Nikolai Vassilievich Ovchinnikov (October 14, 1918 in village of Mizhuli, Cheboksary Uezd – February 2004), was a Russian and Chuvash painter (historical and conversation pieces, landscapes), People's Artist of Russia and Chuvashia, Professor, Member of the National Academy of Sciences and Arts of the Chuvash Republic.

Biography 
He was born in the village of Mizhuli in Mariinsko-Posadsky District of the Chuvash Republic in 1918.

Studied in Alatyr Art School (1937).

During 1939–1945, Ovchinnikov fought in the Soviet-Finnish War on the Karelian Isthmus and World War II.

Since 1944, a member of the USSR Union of Artists.

In 1951 he graduated the Ilya Repin Institute of Arts, Sculpture and Architecture of the USSR Academy of Arts in Leningrad (now St. Petersburg (workshop of Professor R.R. Frenz). A Candidate degree in Art Studies in 1954.

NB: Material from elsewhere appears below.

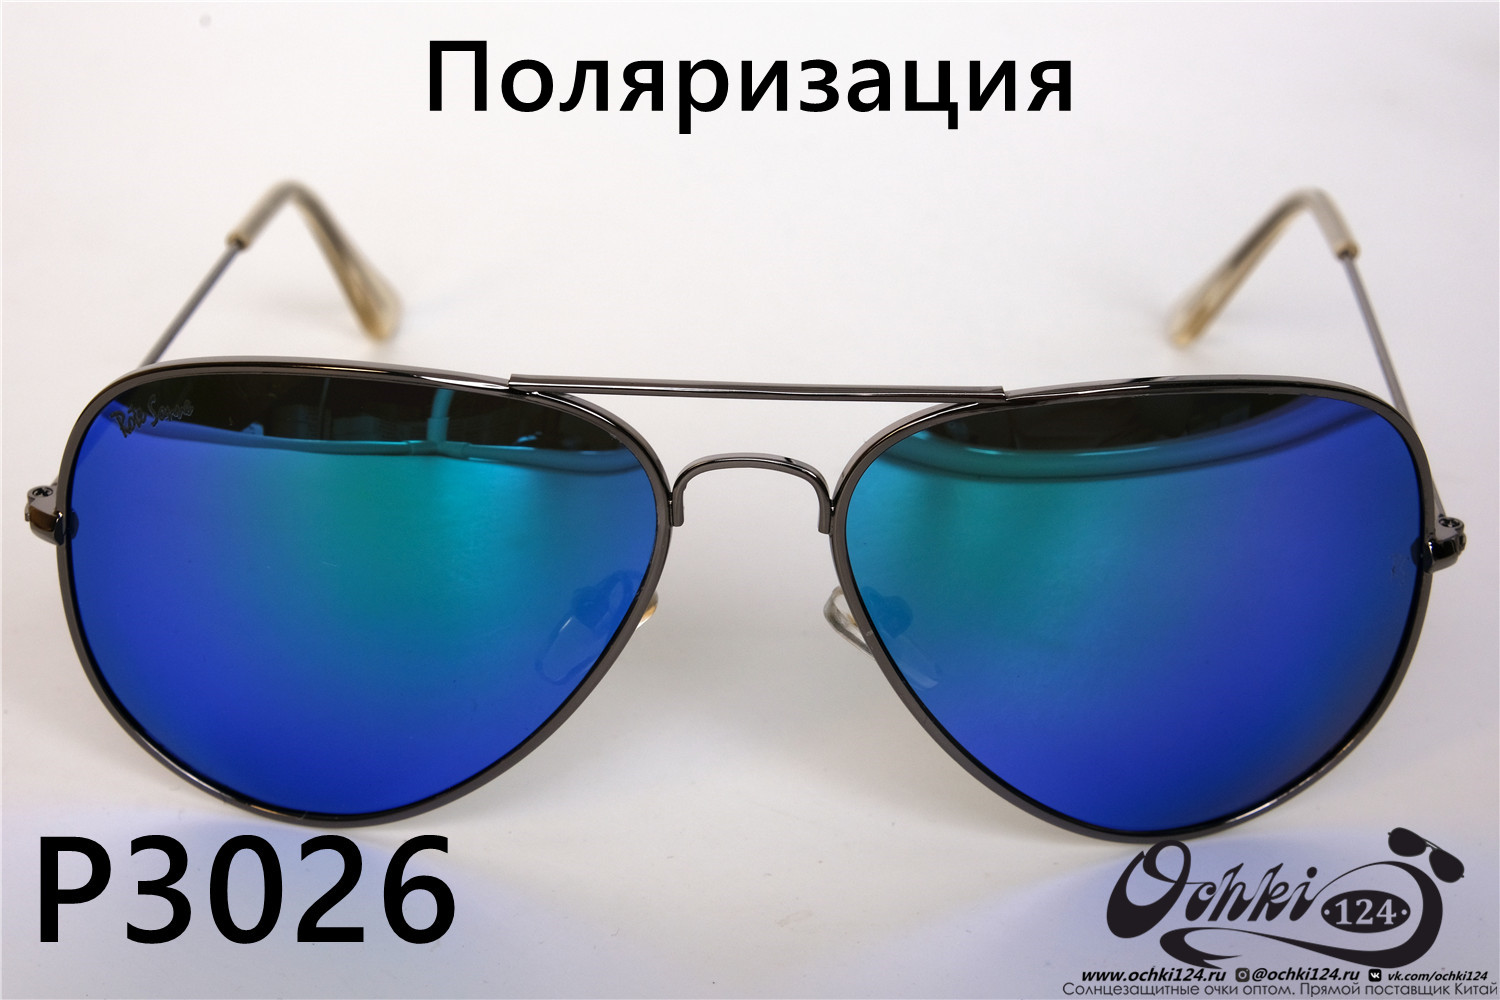  Солнцезащитные очки картинка 2022 Унисекс Поляризованные Авиаторы Rote Sonne P3026-6

Since 1960, he was an associate professor of the Chair of Arts at the Fine and Graphic Arts Department of the Chuvash State Teacher's Institute named after I.Ya. Yakovlev.

Secretary of the Board of the RSFSR Union of Artists (1961–1983).

Chairman of the Board of the Union of Artists of the Chuvash ASSR (1963–1989).

People's Artist of the Chuvash ASSR (1968).

Professor of Fine Arts Chair (1973).

Full member of the National Academy of Sciences and Arts of the Chuvash Republic (1995).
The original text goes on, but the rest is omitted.